Bu hikaye belki size çok garip gelebilir ama bu hikayeden on binlercesi buğün torosların yüce dağ başlarında yaşanıyor sizler hiç farkında olmadan. Bizler onların farkında değilsek onların biz farkındayız. Bunun için çevremizdeki köyümüzdeki yoksulluk ve acılar içinde yaşayan kardeşlerimiz için yardım etmek bir müslüman ve insan olarak görev ve borcumuzdur.
ÇOCUKLAR ÜŞÜMESİN KAMPANYASI ile Torosların kışın dondurucu soğuklarında ayaklarında sağlam bir ayakkabısı olmayan, pantolonu delik ya da yamalı, kabanı hiç tanımayan fakat bu şartlara rağmen doğanın yıkıcı ve tahrip edici gücüne karşı koymak için efelenerek adeta doğaya meydan okuyarak ayakta kalmayı başarabilen koç yiğitlerimizin yanında olduğumuzu göstermek için onlara YALNIZ DEĞİLSİNİZ demek istiyoruz.

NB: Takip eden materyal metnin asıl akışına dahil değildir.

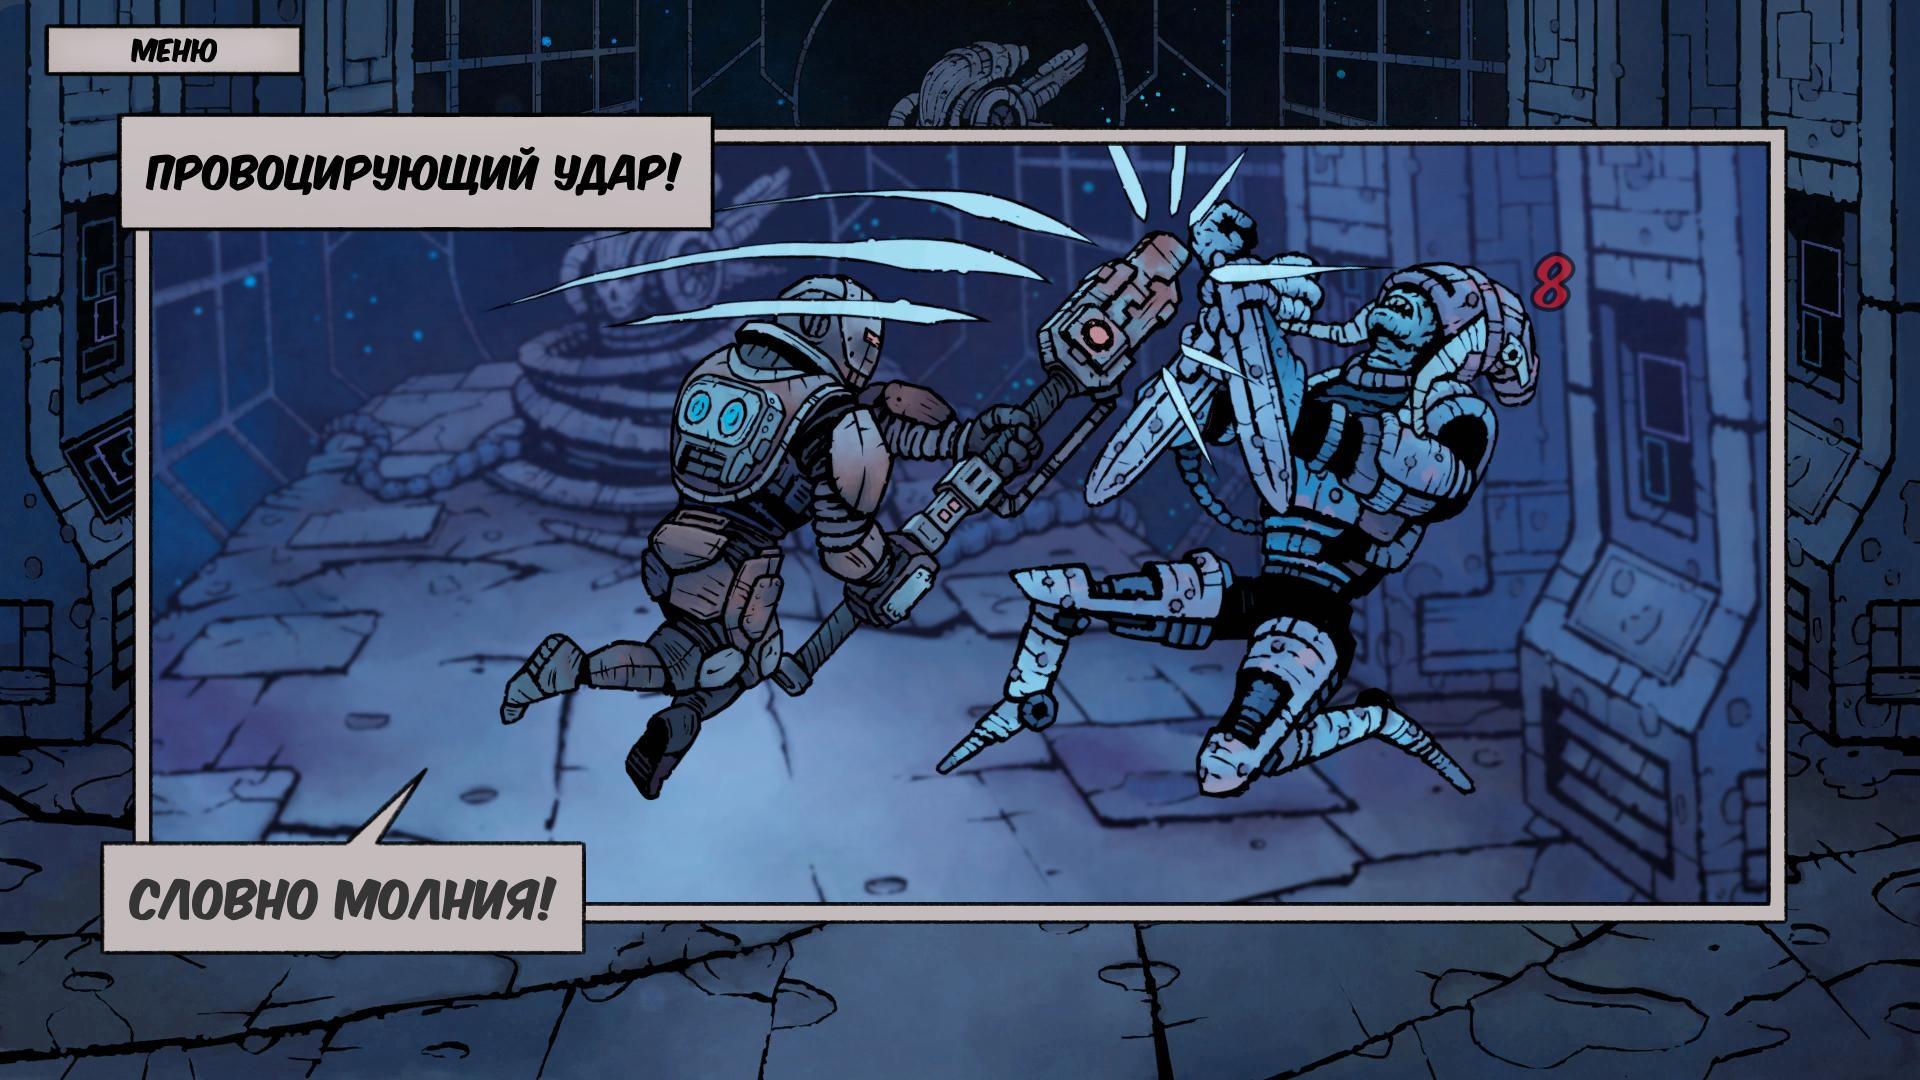 Все действия в сражении иллюстрированы такими вот комиксовыми вставками в Deep Sky Derelicts
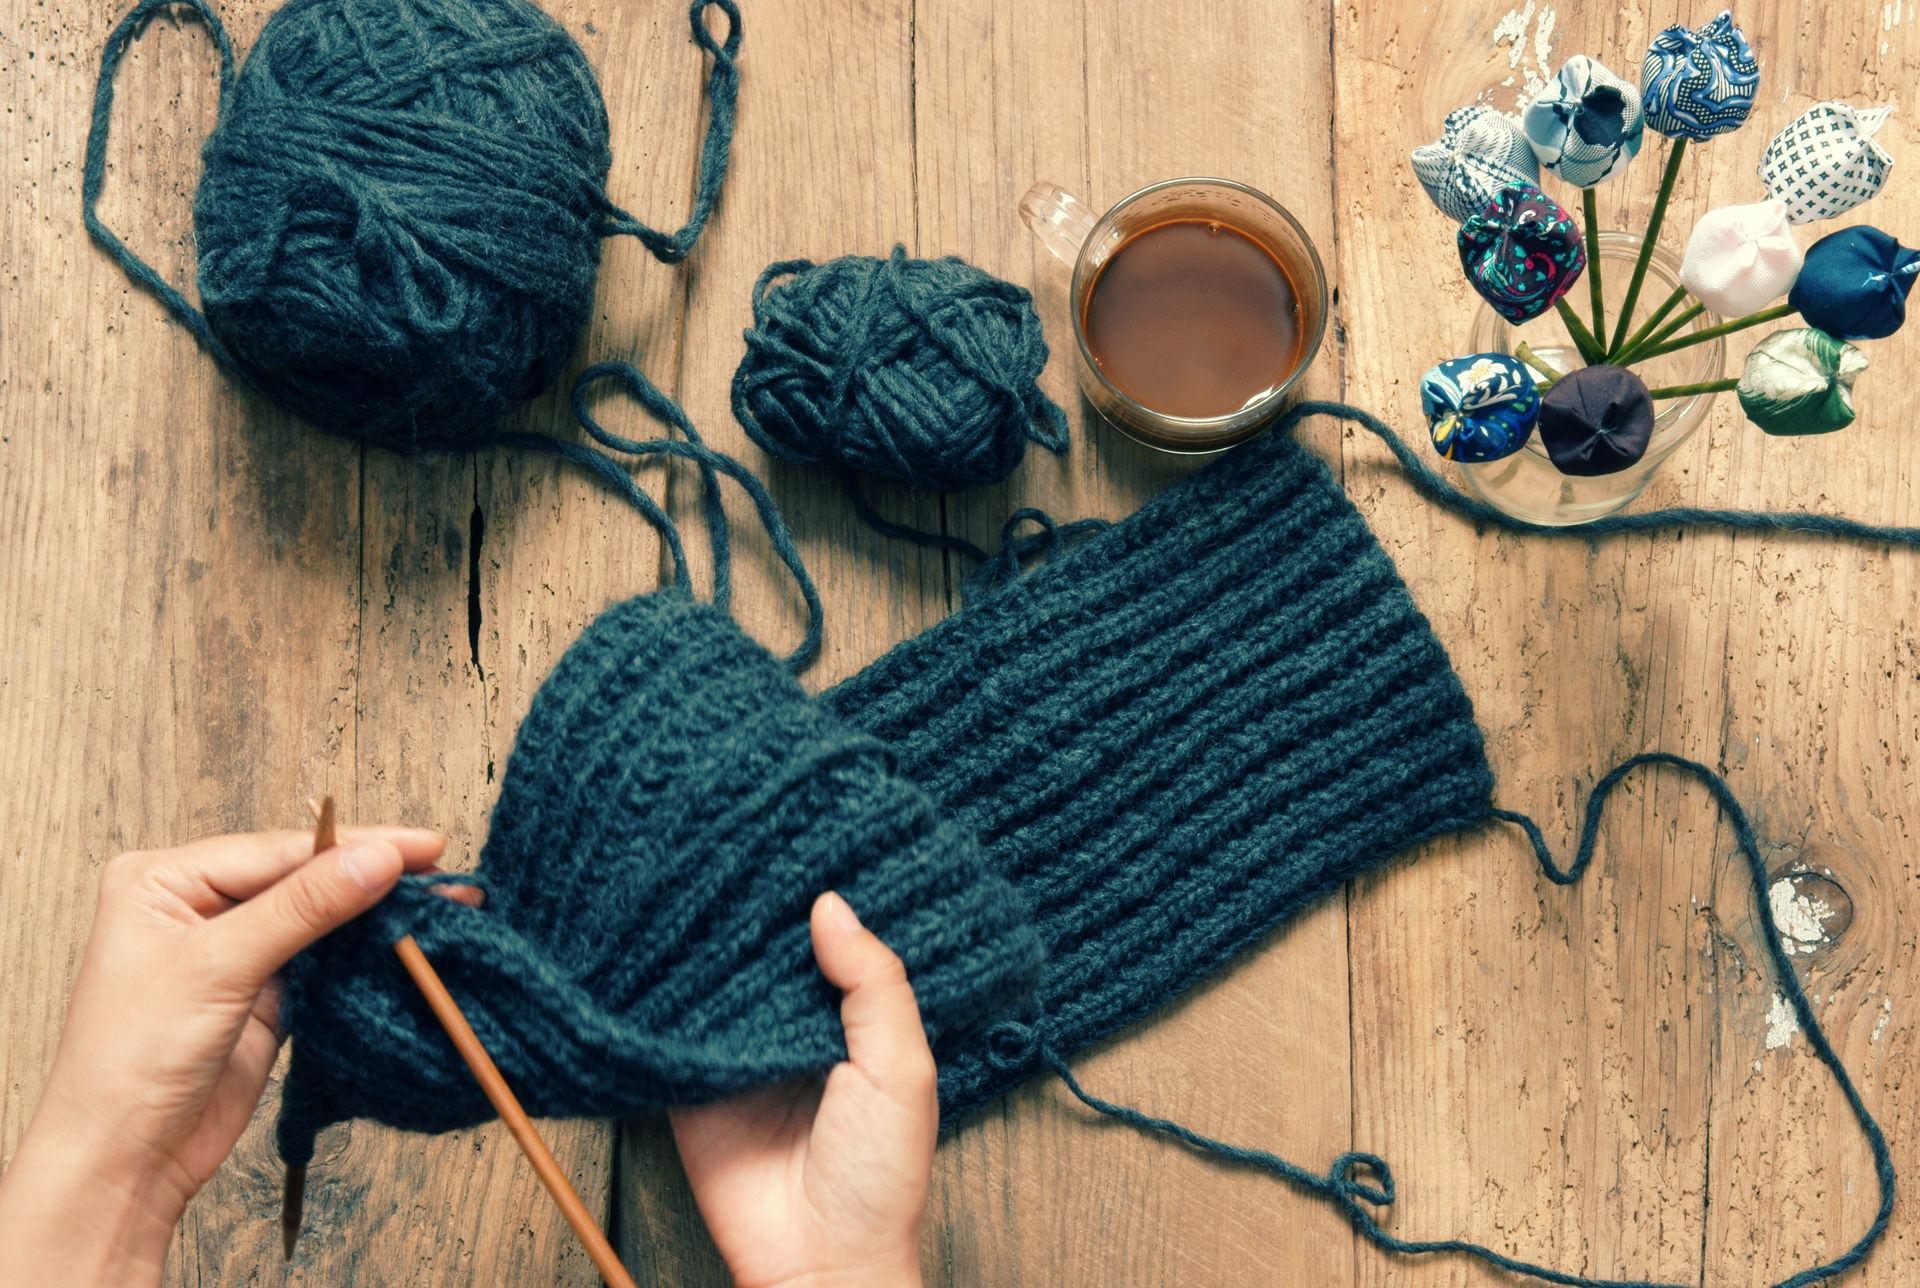 Đồ handmade được làm thủ công 100% với những nguyên liệu có sẵn (Nguồn: Internet)

Geçmiş yıllardan buğüne kadar başarılı bir şekilde getirdiğimiz ÇOCUKLAR ÜŞÜMESİN KAMPANYASI kulaktan kulağa, gönülden gönüle, köyden köye, ilçeden ilçeye, ilden ile yayılarak tüm anayurda yayılmıştır. Ne mutlu bizlere ki; “ ÇOCUKLAR ÜŞÜMESİN KAMPANYASI “ çığlığı yurt dışına ulaşmış bulunmaktadır. Buğün bizleri yurt dışından pek çok vatandaşımız arayarak nasıl yardımcı olabileceklerini sormaktadırlar.
Sizlerin ve yazılı ve görsel basınımızın bizlere olan desteği ve inancı devam ettiği müddetçe ÇOCUKLAR ÜŞÜMESİN KAMPANAYSINA devam edeceğiz desteğinizi ve katkılarınızı bekler saygılar sunarız.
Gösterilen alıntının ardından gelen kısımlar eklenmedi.